While higher borrowing costs hold back utilities, McSweeney notes that there has been very little wrong within their underlying performance. “Cash flows for the category have been good. The recovery from the pandemic continues to progress. There have been very few earnings blow-ups. It’s simply been a de-rating of the category,” says McSweeney, adding that in the past couple of years, the stocks have gone from trading at a premium of 3.75 multiple points over the MSCI All Country World Index and slipped to a 2.4 multiple point discount to the index. He notes that in addition to higher interest rates, there is a factor specific to the sector that has also hurt. “It’s really hard to build things. Some of the utilities, the pipelines, and toll roads, have seen significant inflationary pressures--whether it’s permitting, or the cost of inputs---to build anything, which has resulted in lower growth expectations and some cost overruns.”

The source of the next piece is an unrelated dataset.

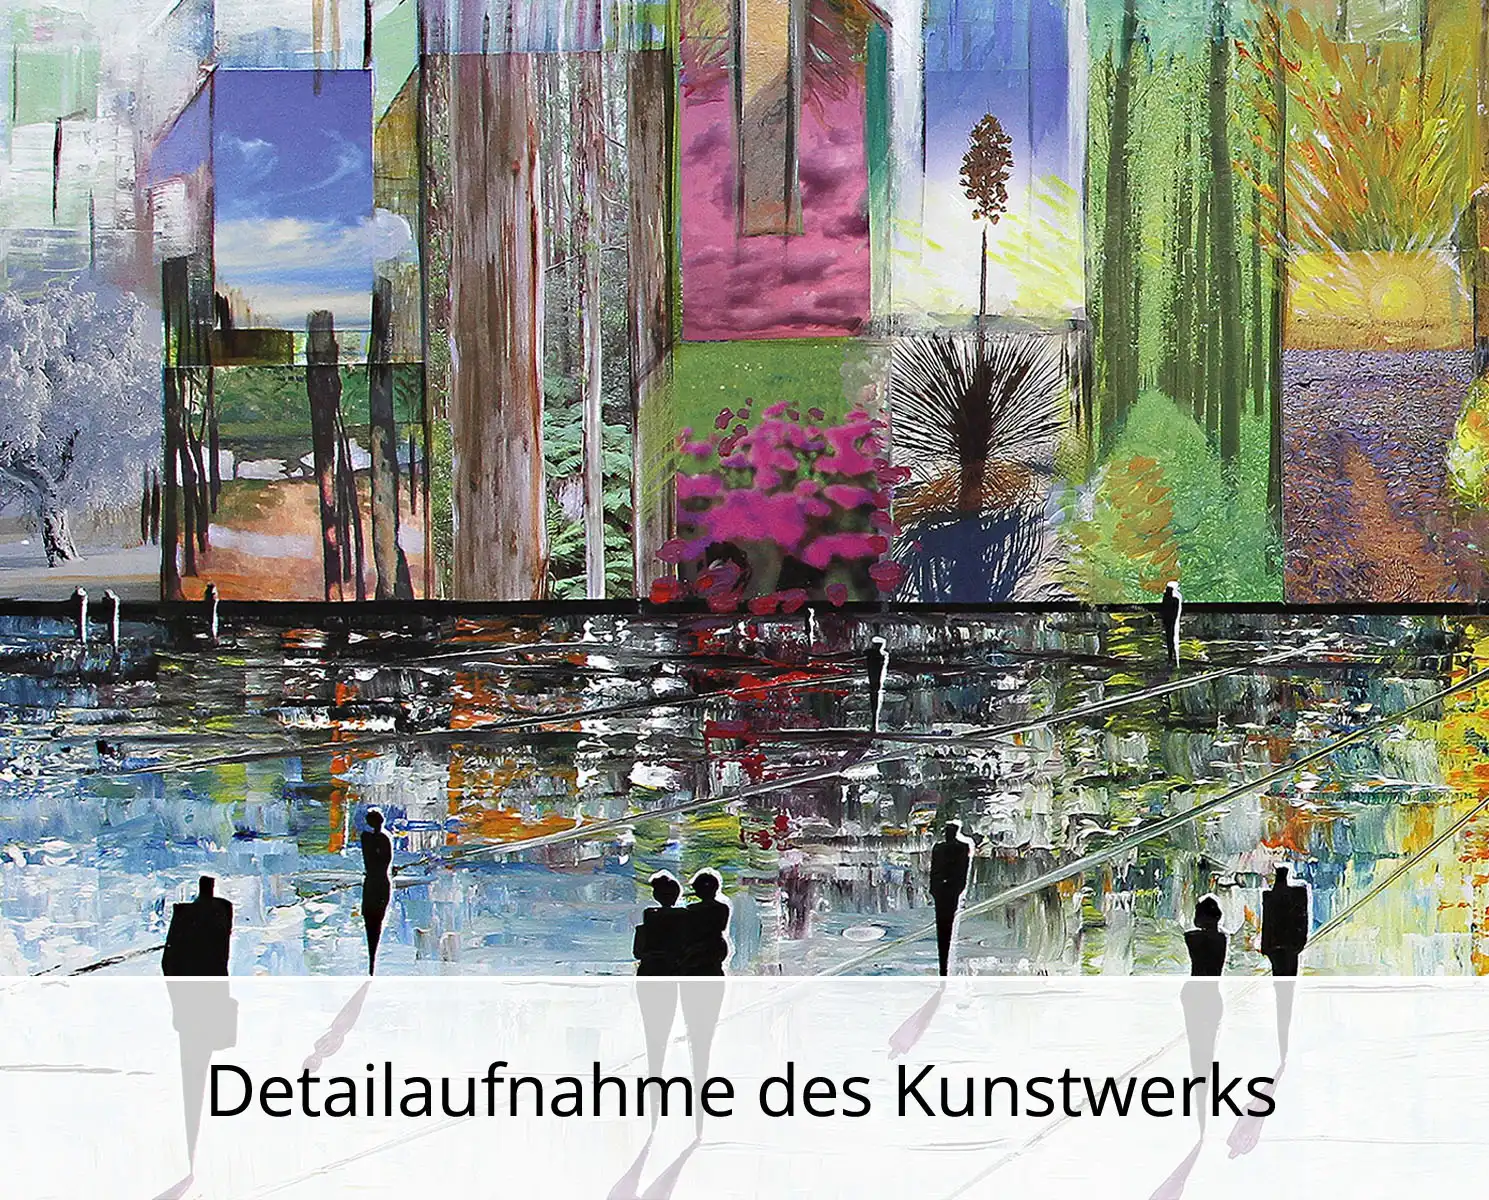 Kunstdruck, signiert: "Naturstadt VI", K. Namazi, Edition, Nr. 1/25

Top Quartile Infrastructure Fund

Year-to-date (Dec. 11) CI Global Infrastructure F has returned 3.14%, versus 0.92% for the Global Infrastructure Equity category. In 2022, the fund returned 1.30%, versus 0.71% for the category. Over five- and 10-year periods, the fund has been a top quartile performer and returned an annualized 7.66% and 7.96%. In contrast, the category has returned an annualized 5.64% and 6.86%, respectively. The portfolio is also available through the 5-star rated $364.9 million CI Global Infrastructure Private Pool F and an exchange-traded fund (ETF) version of the private pool, with ticker CINF.

McSweeney maintains that infrastructure stocks ought to perform well as the economy goes into a slow-down, as many have predicted. “If I look at periods when the economy decelerated, such as in calendar 2019, the deceleration caused monetary policy to stop tightening, and the MSCI World Core Infrastructure Net Return Index was up 27.4%. The F series of the fund returned 26.35%,” recalls McSweeney, “Even in 2016, when the economy was slowing and monetary policy pressures eased, the index returned 10.96%, while our fund returned 8.99%. There are fears of global growth slowing and worries about less traffic on toll roads and in Canada perhaps a slowdown on the railways. But it seems to have topped out and the stocks can definitely perform despite—and perhaps even in contrast with---economic deceleration.”

Infrastructure Cash Flow is Protected

McSweeney’s point is that infrastructure stocks are so-called “long-lived” assets and even if there is some softness in earnings, “the change in the discount rate and the ability for valuations to expand should offset that in the stocks. That’s because the great thing about infrastructure is that even in an economic slowdown these tend to be protected cash flows, whether from regulation, or whether from monopolistic positioning. Think of Highway 407 in Ontario, or Canadian National Railway CNR. Who else will you deal with?” asks McSweeney, “Your oil is coming from the Enbridge ENB mainline. In a slowdown, Canadian Tire CTC.A might lose 10% in revenue. But a pipeline firm like Enbridge will only decline 2-3%.”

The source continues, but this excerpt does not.